Instructions to follow ::
Scan the records beneath this line for the line holding "jo- informatic" and the line holding "В Днепре маршрутка", then transcribe exactly those two and all lines between.

Available records ::
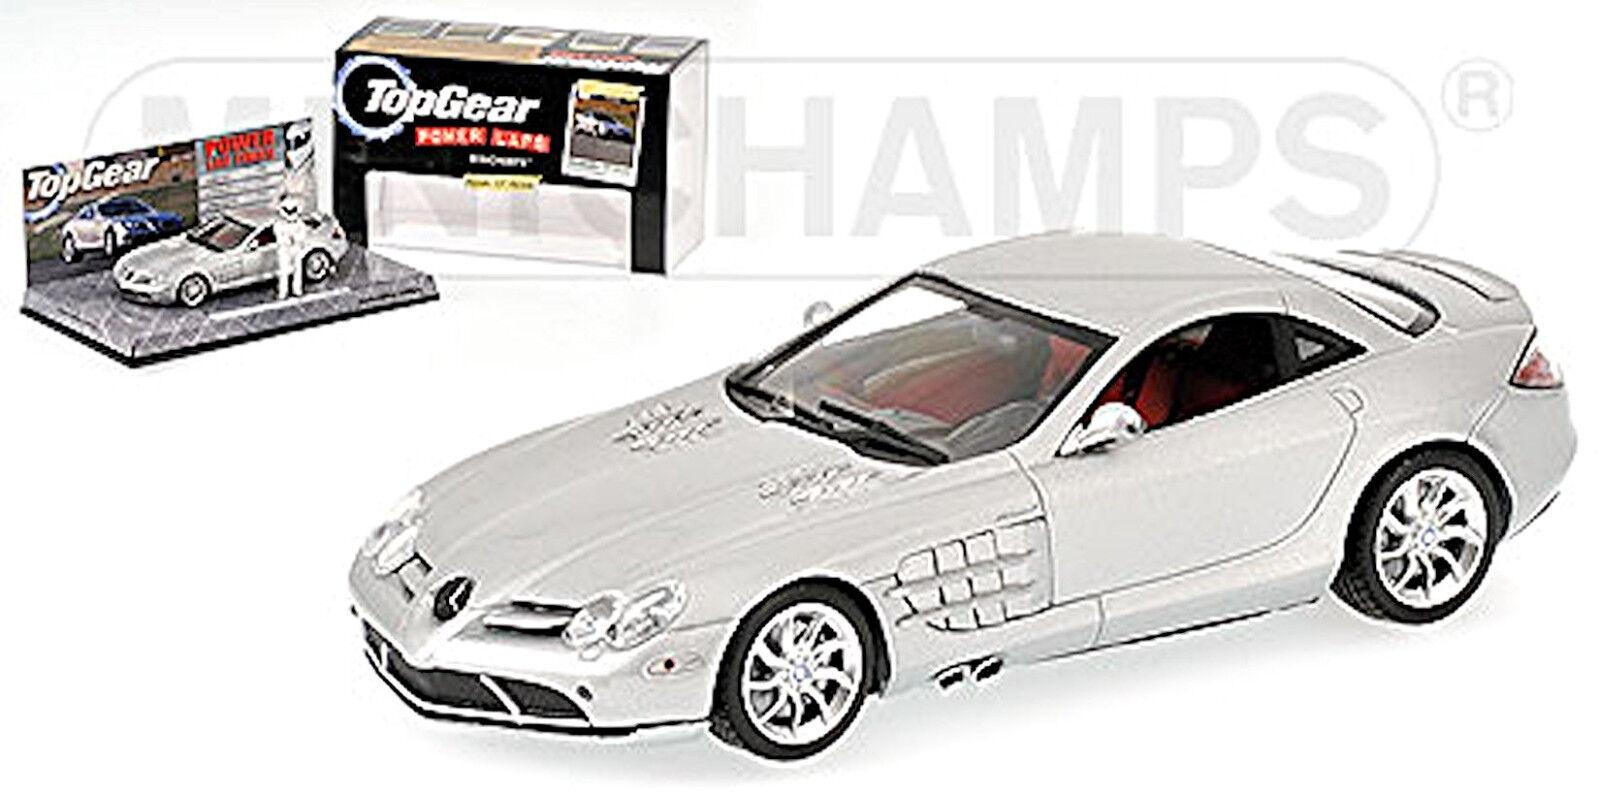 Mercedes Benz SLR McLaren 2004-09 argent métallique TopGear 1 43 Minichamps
==
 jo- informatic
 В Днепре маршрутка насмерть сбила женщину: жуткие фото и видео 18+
--
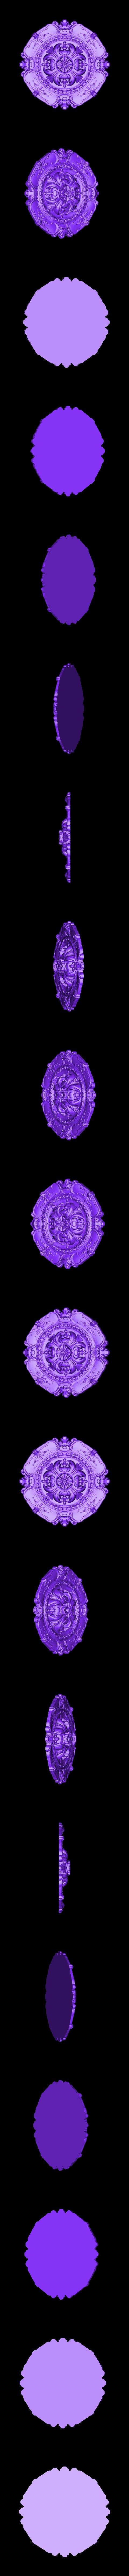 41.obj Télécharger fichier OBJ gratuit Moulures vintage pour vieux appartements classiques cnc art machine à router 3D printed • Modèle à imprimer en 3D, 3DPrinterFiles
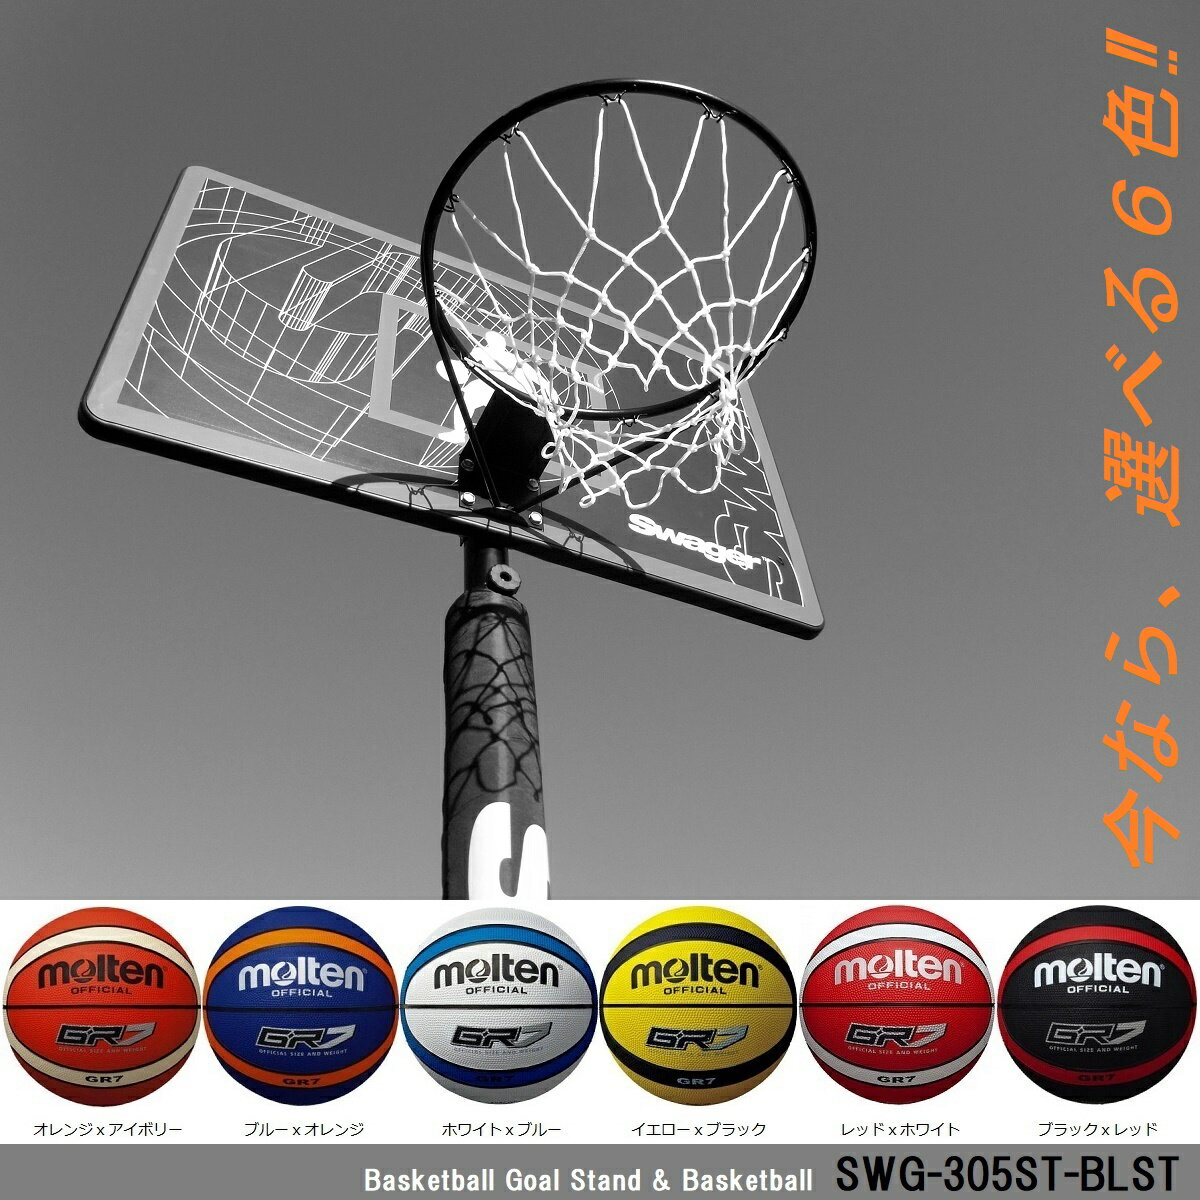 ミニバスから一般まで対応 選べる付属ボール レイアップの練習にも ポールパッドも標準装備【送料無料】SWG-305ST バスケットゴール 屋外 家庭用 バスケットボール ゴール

Written solution ::
 jo- informatic
 В Днепре маршрутка насмерть сбила женщину: жуткие фото и видео 18+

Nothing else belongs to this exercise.